Poverty is a vicious cycle. Since the great recession began, we know that the longer a person has been unemployed, the less likely he is to be re-hired. The longer someone has been incarcerated, the less likely he is to ever get a job again. Racial discrimination in hiring remains a reality.

Every sociologist knows that if you want to change society, you must first change the INSTITUTIONS. The culture will follow. Nothing changes more slowly than culture (look at the old idiots still waiving confederate flags in the South). The “culture of poverty” emerged when people became poor. People became “lazy” when they could no longer find jobs.

Similarly, the “culture of poverty” (read: laziness) will disappear AFTER the people in the inner city and in Appalachia are given a chance for a decent education and a decent job.
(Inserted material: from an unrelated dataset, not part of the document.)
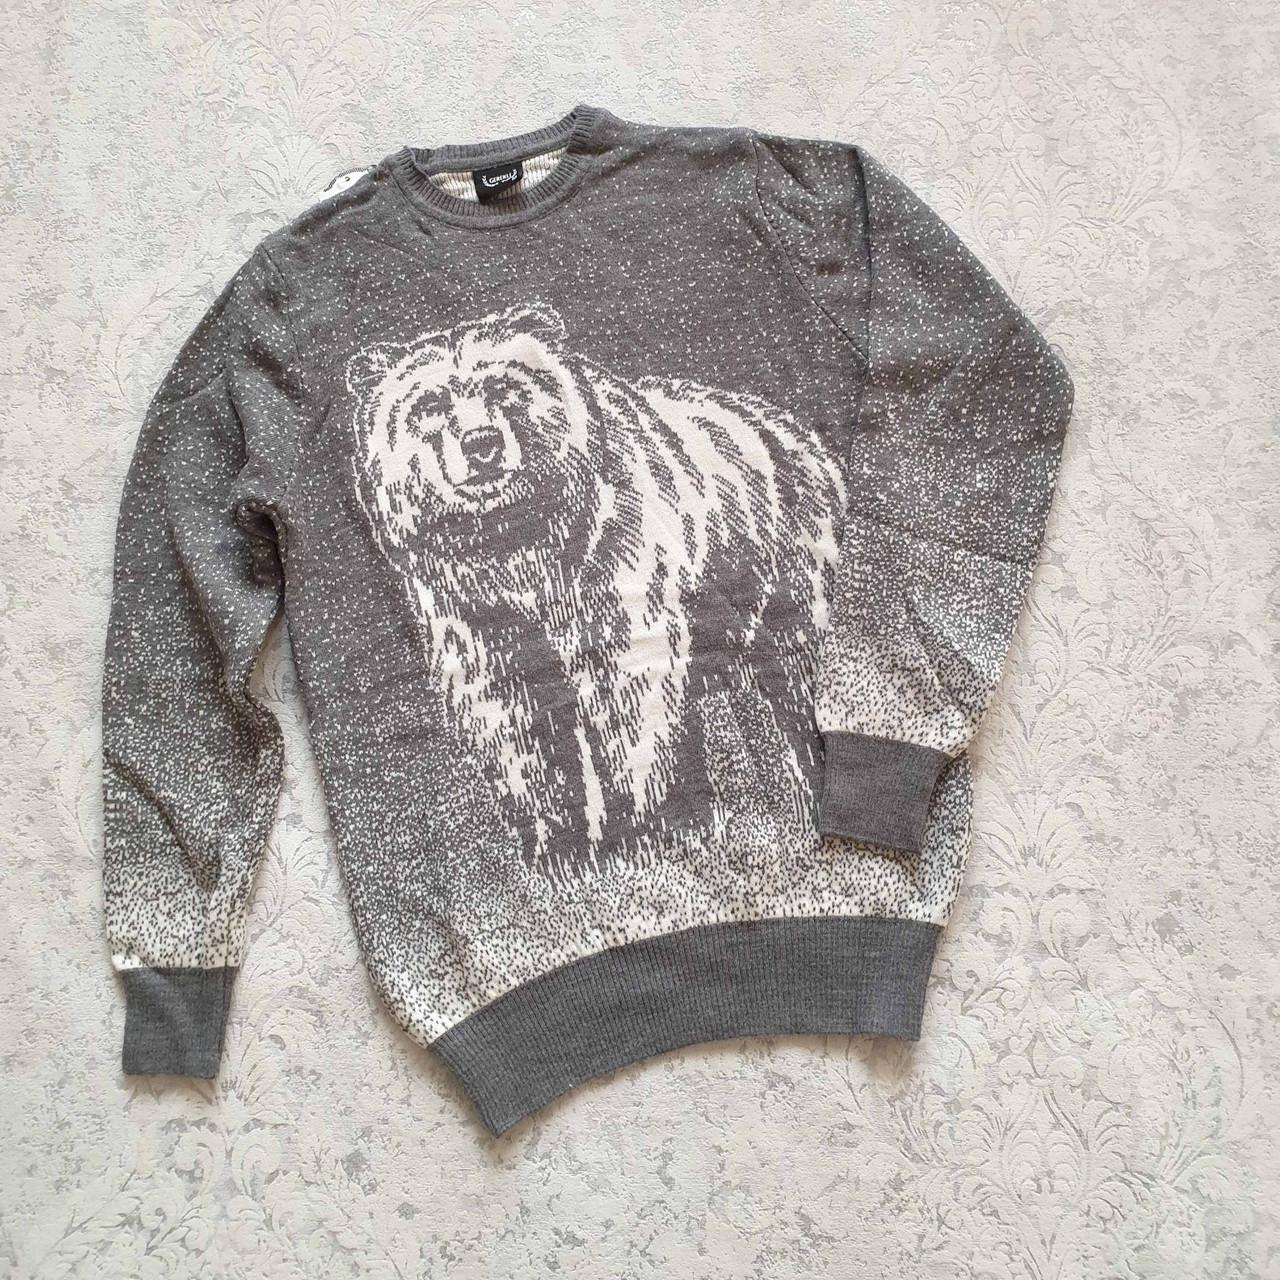 Молодёжный и детский вязаный свитер с медведем размеры M,L,XL,XXL

Paul Ryan and the cultural warriors have it all wrong: by creating an ever growing chasm between the poor and the rich, they are CAUSING the “culture of poverty.” leave comment here

© Tom Kando 2014

8 comments:

Anonymous said...

Seems to me, Tom, that you are guilty of “the soft bigotry of low expectations” for blacks. They can’t change without our help, uh?

Anonymous said...

Suppose you own a shoe store and you need a part-time stock boy to restock the shelves in the afternoon. You put a help wanted sign in the window, and two boys from the same high school (i.e. the same institution) apply. One shows up for the interview in a button down oxford shirt, khaki dockers and leather shoes; the other shows up in an oversized white t-shirt, baggy jeans sagging showing his boxers, $175 red Air Jordans and a baseball hat sitting sideways on his head. The first is polite with a nice smile and seems genuinely interested in the position, the other has a surly look and gives off a sense of entitlement as he walks around the store with his hand on his crotch to hold his pants up. The first speaks eloquently ; the other speaks gutturally, replete with improper subject verb agreement and improper pronouns. And of course during the interview, we find out that, as we might expect, the first kid has a 3.5 gpa and the second has a 2.3 gpa.
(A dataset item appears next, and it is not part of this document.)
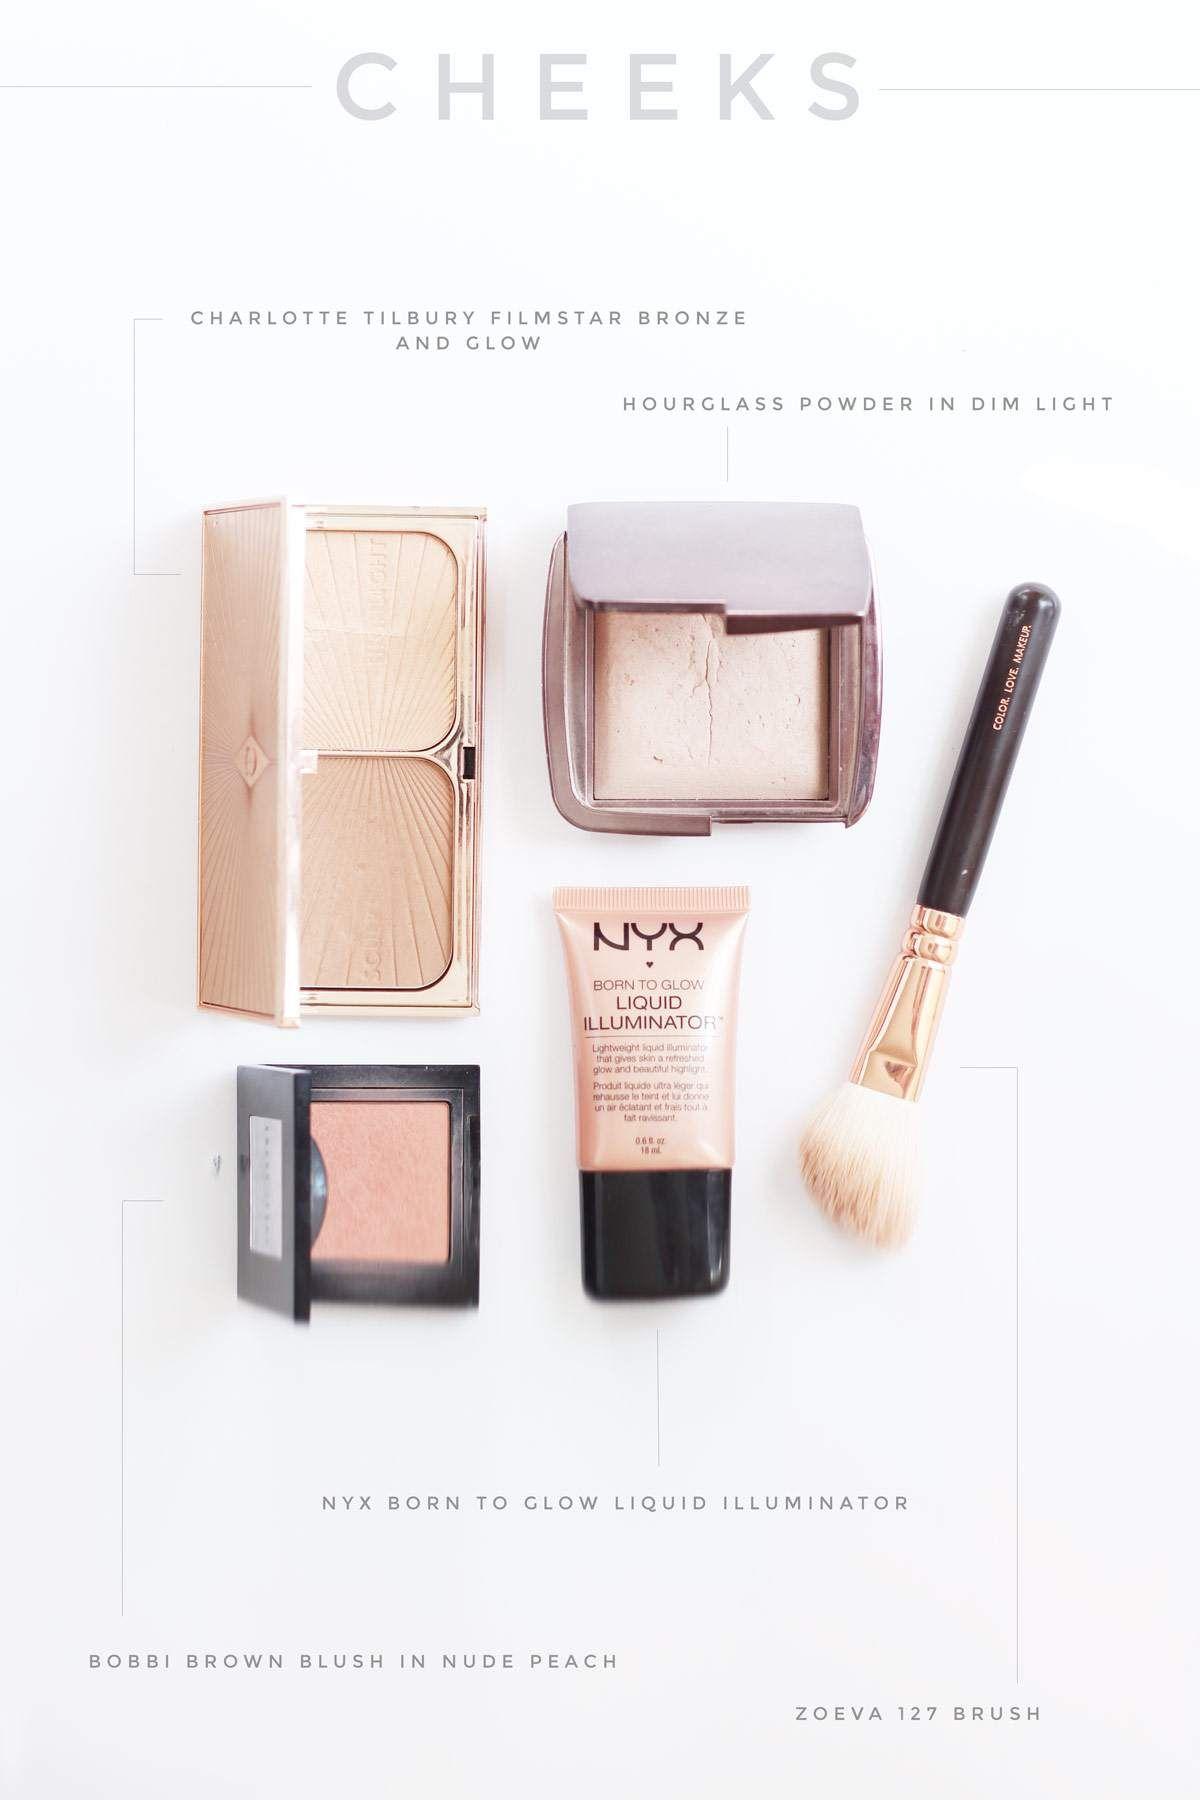 My Everyday Makeup Bag Everyday Makeup Minimalist Makeup Bag

Now if the first kid was white and the second kid was black, it wouldn’t be a surprise if the shoe store owner picked the white kid for the position. Of course, he would then be subject to being called a racist by certain factions of the population.

But suppose the first kid was the son of Nigerian immigrants who had been in the country for two years, and suppose he spoke with a proper English accent, and suppose the second kid was white, a rap-loving, Black gangsta wannabe (what is sometimes referred to as a w****r ). I submit that the owner would hire the Nigerian kid, because it’s not because of the institution and it’s not because of the race. It’s because, as James Carville would say, of the CULTURE, Stupid!

Tom Kando said...

I thank anonymous for his effort. A charming anecdote that is, alas, utterly meaningless.

Steve said...

Surely Victorian Era Britian gives an example of a well-formed culture of poverty w/out a welfare state.

Thus the welfare state cannot be the cause of this so-called culture.

Tom Kando said...

Steve:
thank you. Excellent example.

Gene said...

The reason that the culture usually can't accomplish any worthwhile objectives is because it is stupid. People can think-- cultures can't. Cultures mostly respond to fads or trends these days. For example, in our culture many people spend their time on Facebook or Twitter or Linked-In communicating their social activities to their friends,rather than reading books or otherwise educating themselves about the real problems in our society. Only a few cultures, such as the Jewish culture still have a wisdom tradition.

Sharon Darrow said...

It is beyond me how people such as Paul Ryan and Anonymous can so completely fail to see the obvious! Perhaps they have so little experience with people outside of their own limited circles that they cannot even imagine themselves in some other shoes. Thanks for the sociology lesson, too bad so many people either forgot the classes they took, or are totally bereft of common sense!

Anonymous said...

I see that the latest reports show that the overall high school graduation rate is 78% in four years, yet the Asian rate is 93%. Asians are 14% of the California population, yet 36% of the University of California freshman class. It’s the Culture!